Dr. Altman credited Andrew Jameton, a bioethicist who authored a seminal book on ethical issues in nursing in 1984, with defining exactly what moral distress is: “painful feelings and/or the psychological disequilibrium that occurs when a person is conscious of the morally appropriate action a situation requires but cannot carry out that action because of the institutionalized obstacles, such as lack of time, lack of supervisory support, exercise of medical power, and institutional policy or legal limits.” Or, in plainer terms, “Moral distress occurs when one knows the ethically correct action to take but feels powerless to take that action,” as Elizabeth G. Epstein, PhD, RN, and Sarah Delgado, MSN, RN, wrote in the Online Journal of Issues in Nursing.

To understand moral distress, it’s important to know what it’s not, too, Dr. Altman said. It’s not the daily stress of work or compassion fatigue or even burnout, though it can lead to burnout.

“Burnout is the state of physical, emotional, and mental fatigue and exhaustion caused by long-term involvement in situations that are emotionally demanding,” Dr. Altman said. “Burnout has been linked with moral distress, but they are two very different things.”

It’s also not a disagreement among colleagues or “an excuse to avoid a challenging situation.” In fact, the No. 1 cause of moral distress, in study after study, Dr. Altman said, is providing medical care, particularly medically futile care.

“Providing really unnecessary treatments and providing end-of-life care can lead to it as well as complex patients and challenging situations,” Dr. Altman said. Other causes include inadequate staffing, incompetent providers, poor communication, and advanced technology used to sustain life.

Though people often associate moral distress with intensive care, it can occur “wherever care is provided” and can “affect all members of the health care team,” Dr. Altman said. Though the early research into moral distress focused on critical care nurses, the field has since exploded, across all medical disciplines and in countries around the world.

That research has revealed how intensely moral distress can impact the psychological, biological, and social health of people. Physical symptoms that can result from moral distress include diarrhea, headache, heart palpitations, neck pain, muscle aches, and vomiting. The emotions it rouses include frustration, fear, anger, anxiety, and, especially, powerlessness and guilt.

Moral distress can lead to burnout and dissatisfaction in individuals and, subsequently, reduced retention and productivity within institutions. Health care providers who experience moral distress may leave their position, their unit, or the profession altogether.

“That can have a huge impact in a time when we need many more health care providers to care for this exploding population,” Dr.

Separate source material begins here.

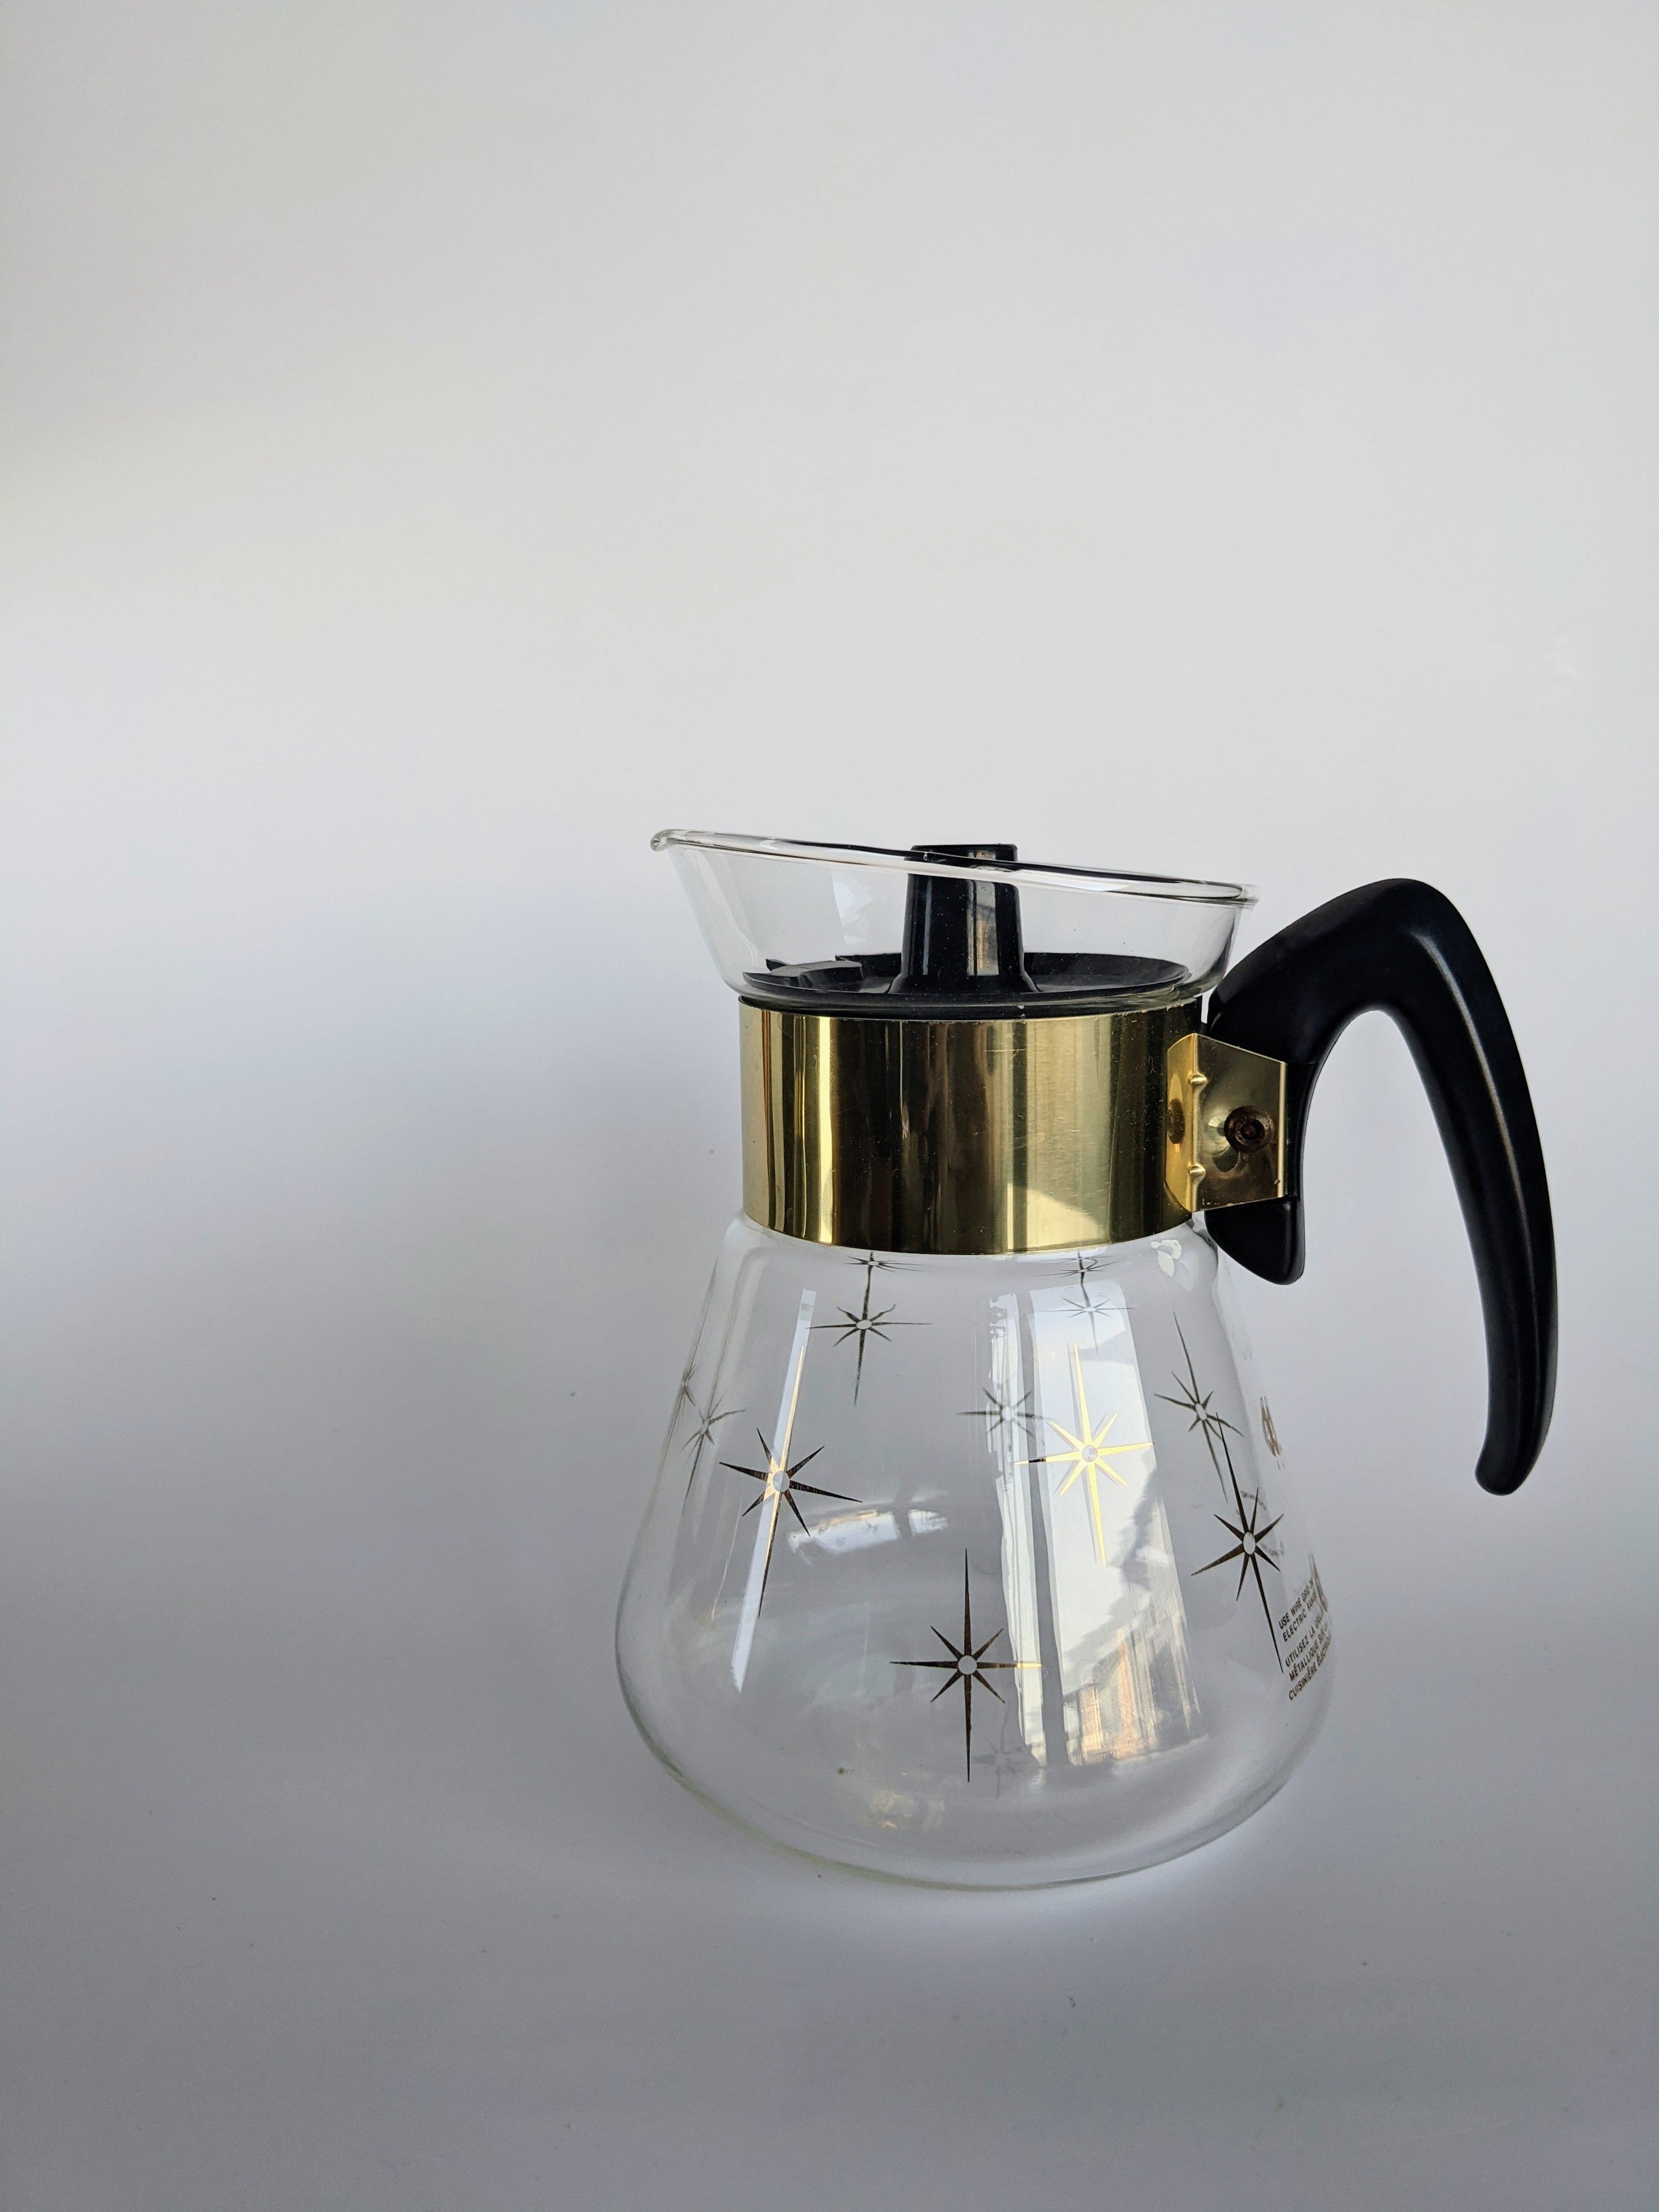 Vintage Pyrex Glass Carafe Coffee Pot – The Stand Alone
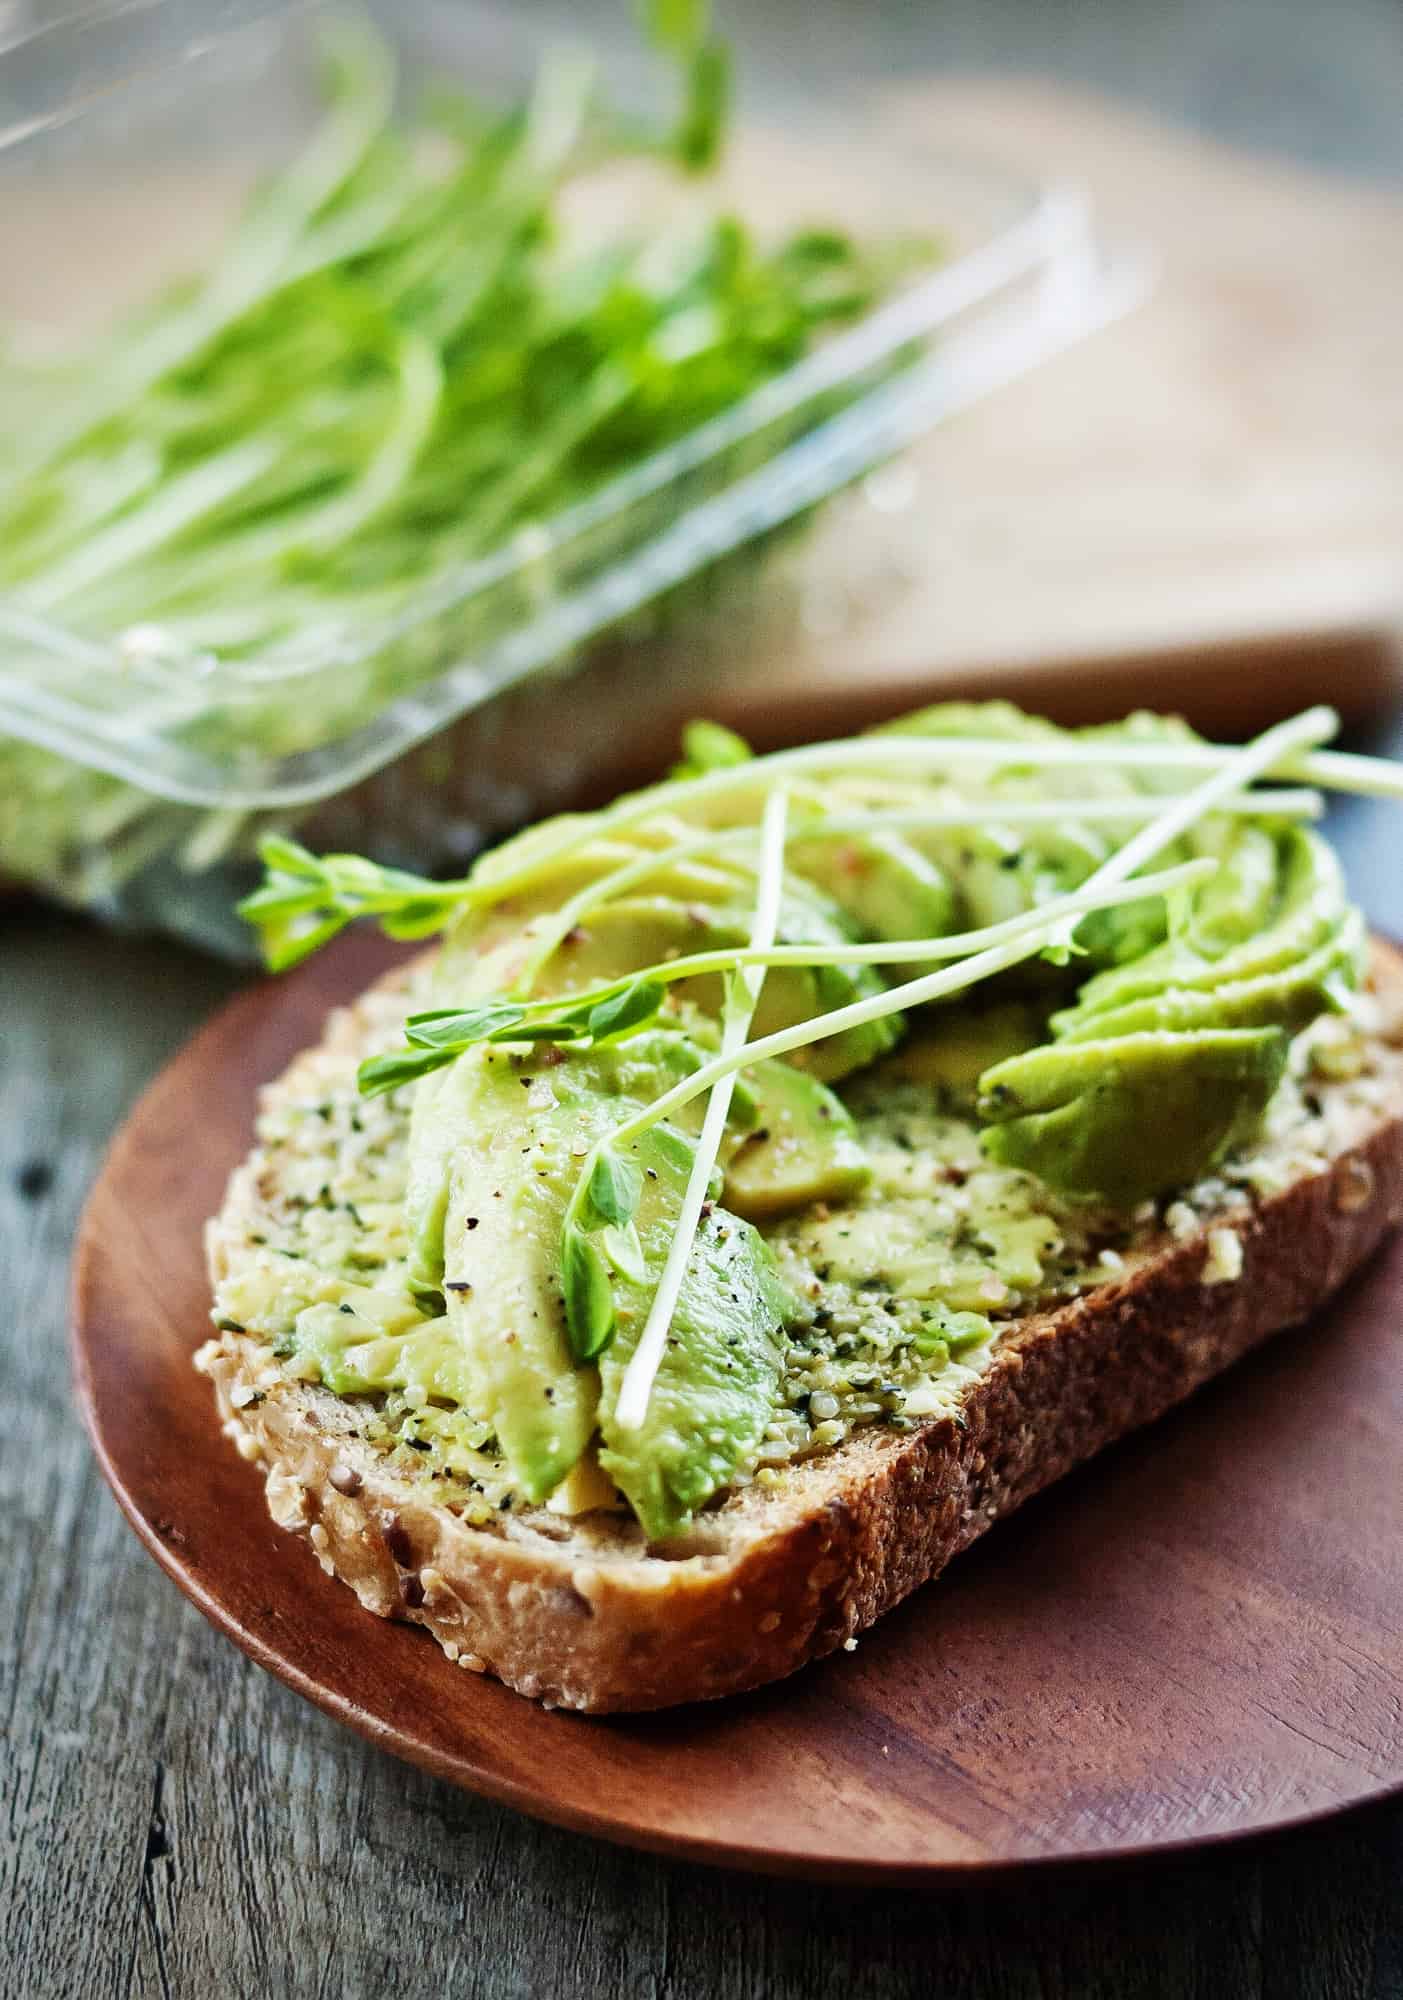 Avocado toast with hemp hearts. What does 100 grams of sugar a day look like? It's not what you think. With the new nutrition labelling rolling out, what do you navigate the new nutrition facts label and %DV?

Altman said. It can also negatively influence the patient-provider relationship, potentially affecting the quantity and safety of care delivered, she explained.

But there are ways to address moral distress, she said.

“We’re not going to eradicate it because we will never eradicate critical care or end-of-life care, and those are the causes that lead to moral distress,” Dr. Altman said. “But what we can do, and what the research is now focusing on, is concentrate on improving our work environment, and help people recognize that they’re experiencing moral distress before it gets to burnout … or mitigating moral distress when it occurs.”

Those improvements include fostering both a positive ethical environment, with ethics education, an ethics committee, and on-site ethics experts, and a healthy work environment with collaboration and skillful communication.

Research has shown that “a higher ethical work environment is correlated with a decrease in moral distress frequency,” Dr. Altman said. And structured communication processes should focus on the goals of care, she said. More formal programs may include moral distress workshops, a moral distress consult service, an ethics consult service, and distress debriefings, during which a facilitator leads providers in a structured, collaborative discussion about a distressing event that has occurred.